Накануне отъезда он все-таки заставил себя пойти по магазинам. Купил жемчужные бусы для Лизы, куклу Тамаре, какое-то летнее детское платьице из тонкого батиста, нежно-голубое, с вышитыми по подолу яркими рыбками, весело снующими между водорослями и камушками, раскиданными по морскому дну. В Советском Союзе не продавали таких детских платьев, и Листопад отстраненно подумал о том, что его дочка будет самая красивая, когда наденет его и пойдет по летней улице, держась за папину руку. Мысли о дочери были какими-то чужими, полустертыми, неважными, промелькнувшими и исчезнувшими под натиском неизбывного горя, разраставшегося внутри его.
Он забрал завернутые подарки, сунул в портфель, вышел из магазина и пошел, куда глядят глаза, прощаясь с Лондоном и своими несбыточными мечтами. Ноги сами собой привели его к дому Шакли.
– Надо вернуть плащ, – сам себе объяснял причину своего визита Александр. – Я только отдам плащ и уйду.
Он знал, что подспудно думал об этом с самого утра, когда только надевал чужой, не по размеру большой плащ поверх своего черного костюма, того самого, что вызвал веселый хохот принимающей стороны и стоил бутылки коньяка сотруднику советского посольства.
За минувшие десять дней у него десять раз была возможность отдать плащ Ройлу, но он не сделал этого, дождавшись наступившего сегодня. Он шел к этому дому, зная, что Ройла наверняка нет дома, поскольку в этот час он точно на работе.
Александр Листопад понимал, что поступает некрасиво по отношению к старине Ройлу. И по отношению к Лизе, верной любящей Лизе, которая терпеливо ждала его возвращения из бесконечных командировок, и сейчас ждала тоже. Он поступал некрасиво по отношению к Тамаре и никогда не виденной им девочке по имени Вики, дочери Мэри. И он ни в коем случае не должен был сегодня приходить к этому дому. Александр решительно пересек каменную мостовую и позвонил в дверь.
Второй ураган, в который они попали, был еще сильнее, еще яростнее, еще неугомоннее первого. Сначала Александр вынырнул из накрывшего его безумия и обнаружил, что они лежат на полу маленькой прихожей. Во второй раз пришел в себя на причудливом диване в гостиной, а в третий – на кухонном столе, где, кажется, его собирались поить английским чаем. Впрочем, за последнее он не мог ручаться точно.
Мэри была как прохладная вода в ручье в жаркий день: легкая, текучая, неспешно журчащая, прозрачная. Он приникал к ней губами, пытаясь выпить всю, до капли, до донца, но никак не мог укротить свою дикую нечеловеческую жажду. Она откликалась на каждое движение его губ, рук, вливалась в его раскрытый в немом крике рот, струилась по его венам, смешиваясь с кровью, заменяя ее собой. Здесь и сейчас они были одним целым, неумолимо знающим о том, что вскоре им суждено распасться, расстаться, разбиться, не имея возможности когда-либо снова встретиться и собраться воедино.

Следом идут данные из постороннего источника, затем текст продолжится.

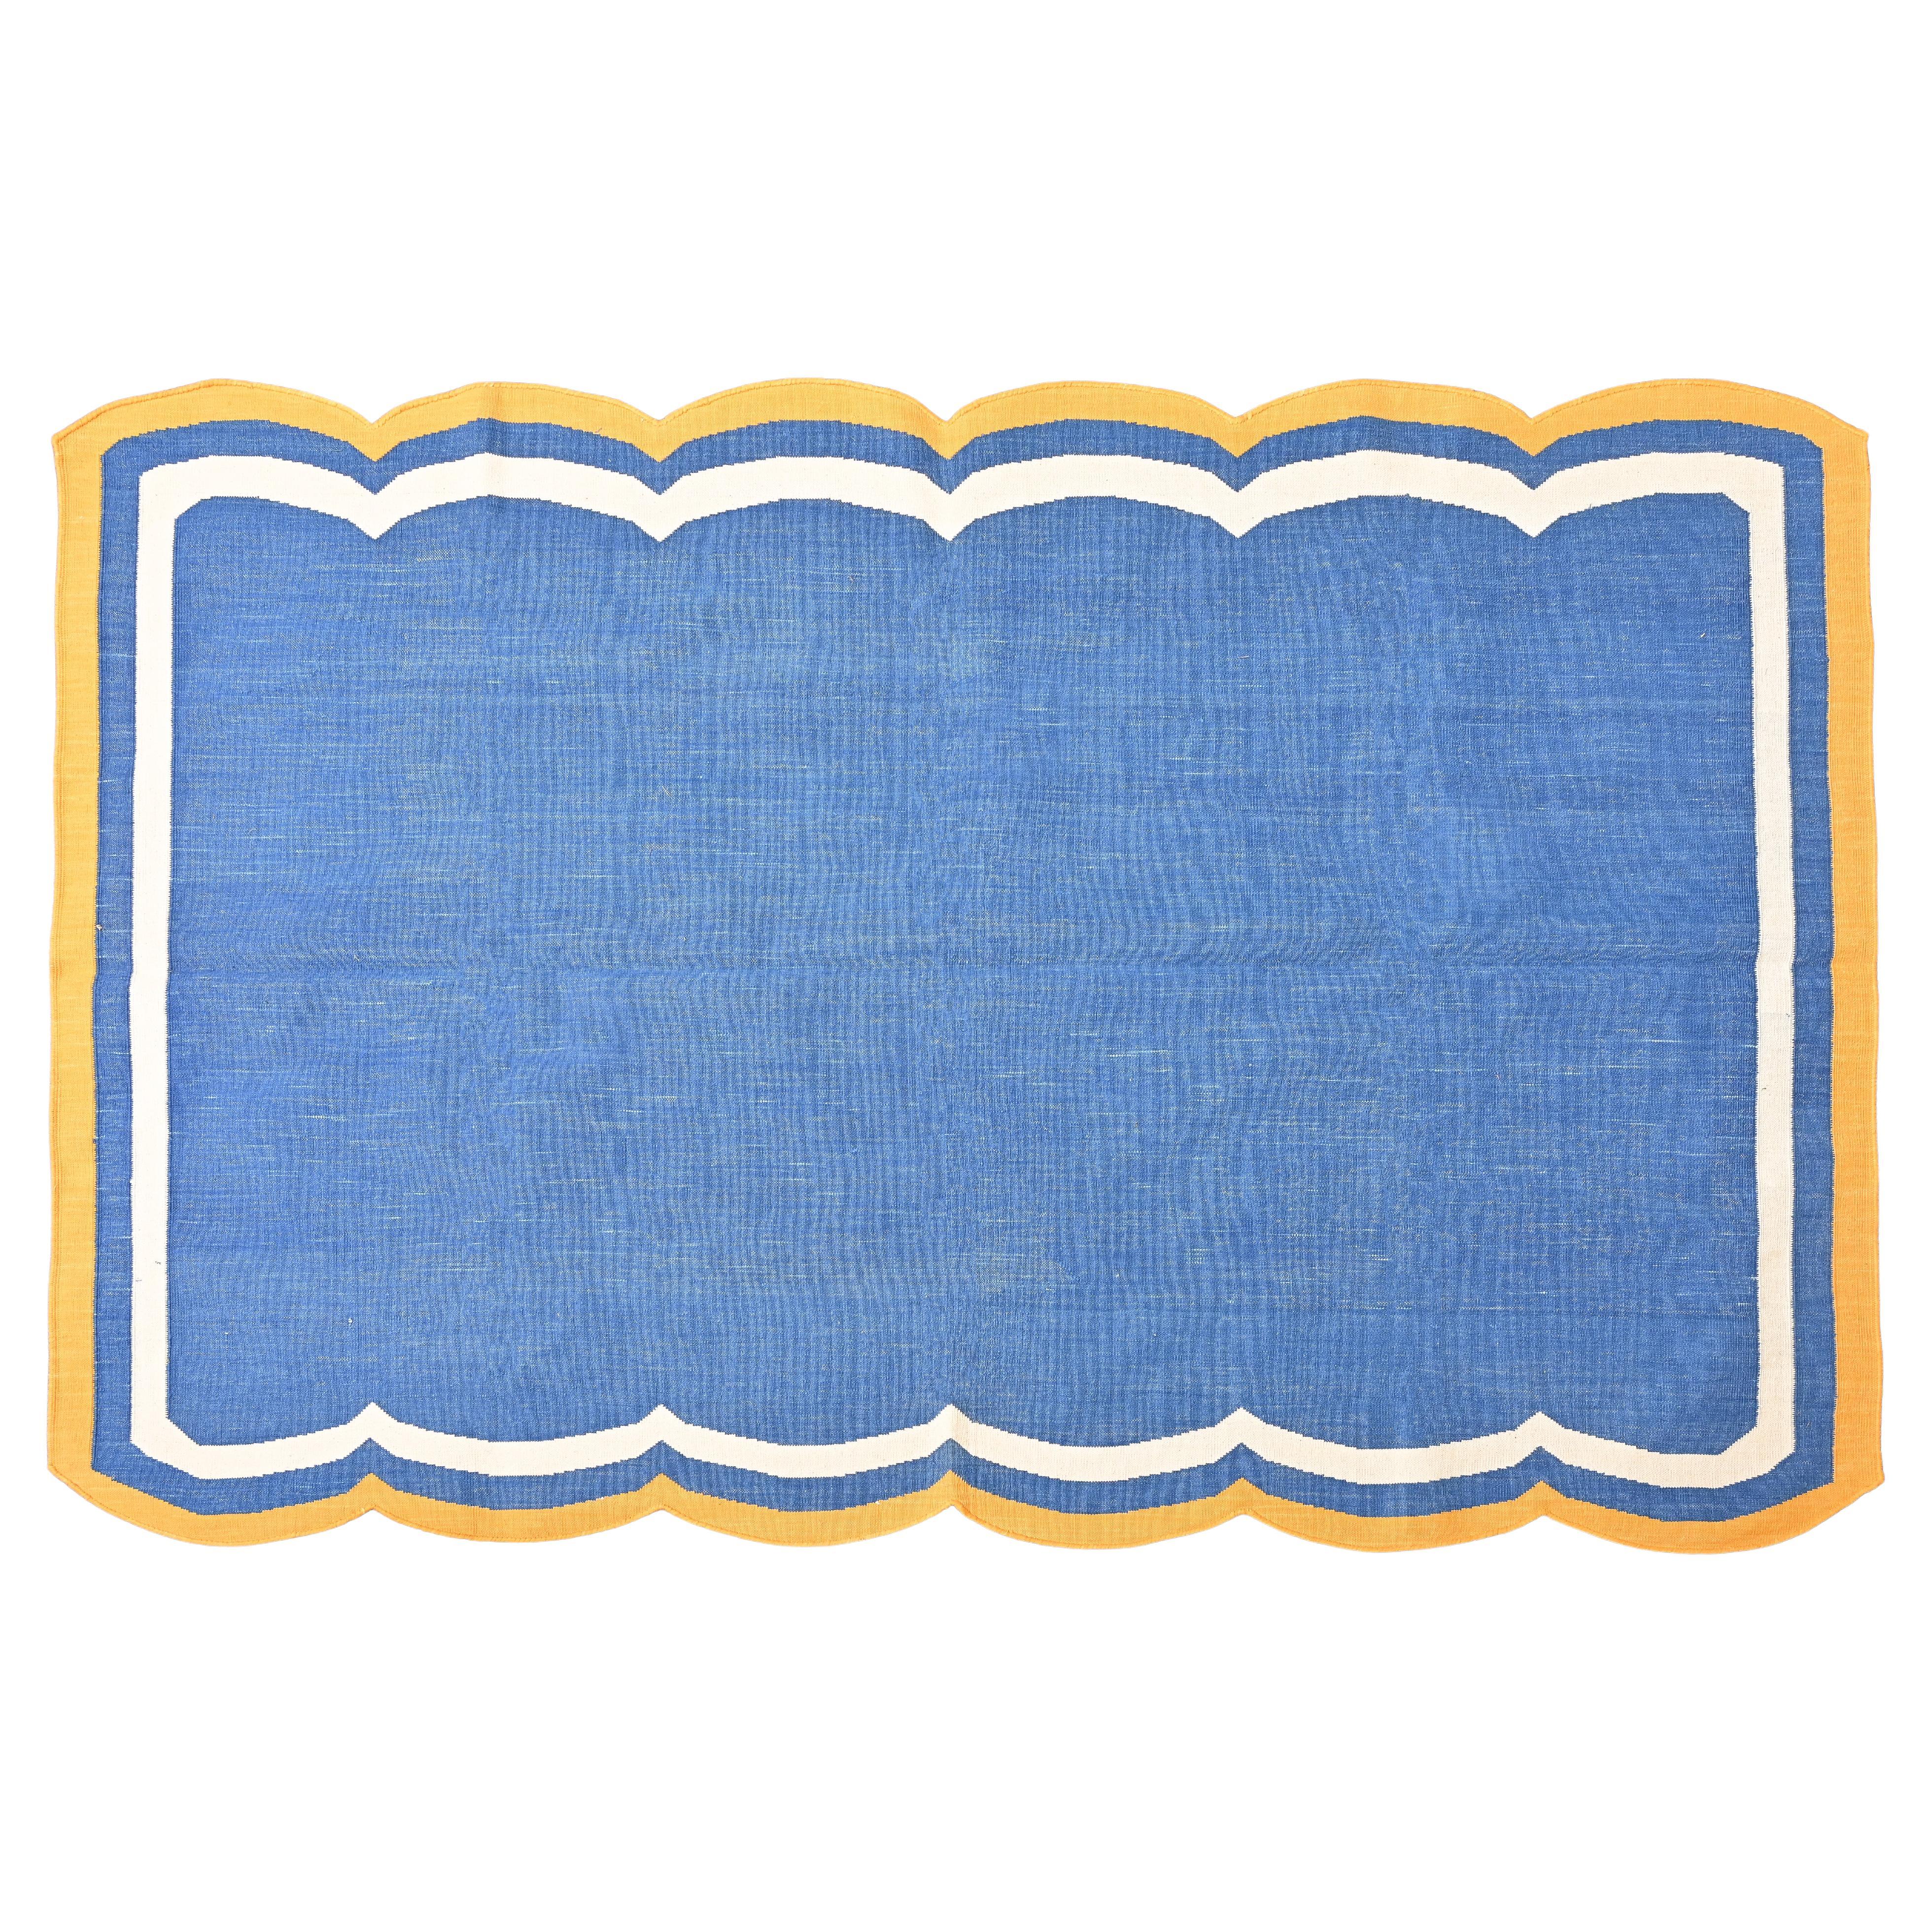 Handmade Cotton Area Flat Weave Rug, 4x6 Blue And Yellow Scallop Indian Dhurrie

Их чувства были обострены отчаянием. Обожженная душа пылала так сильно, что даже легчайшие прикосновения приносили нестерпимую физическую боль. Но они снова и снова приникали друг к другу, словно пытаясь продлить эту боль. Оба знали – ее надо испытать здесь и сейчас, чтобы запомнить надолго. Потом ничего больше не будет, кроме нестерпимой душевной муки, по сравнению с которой нынешняя боль покажется детским леденцом на палочке, сладким, оставляющим долгий привкус на языке.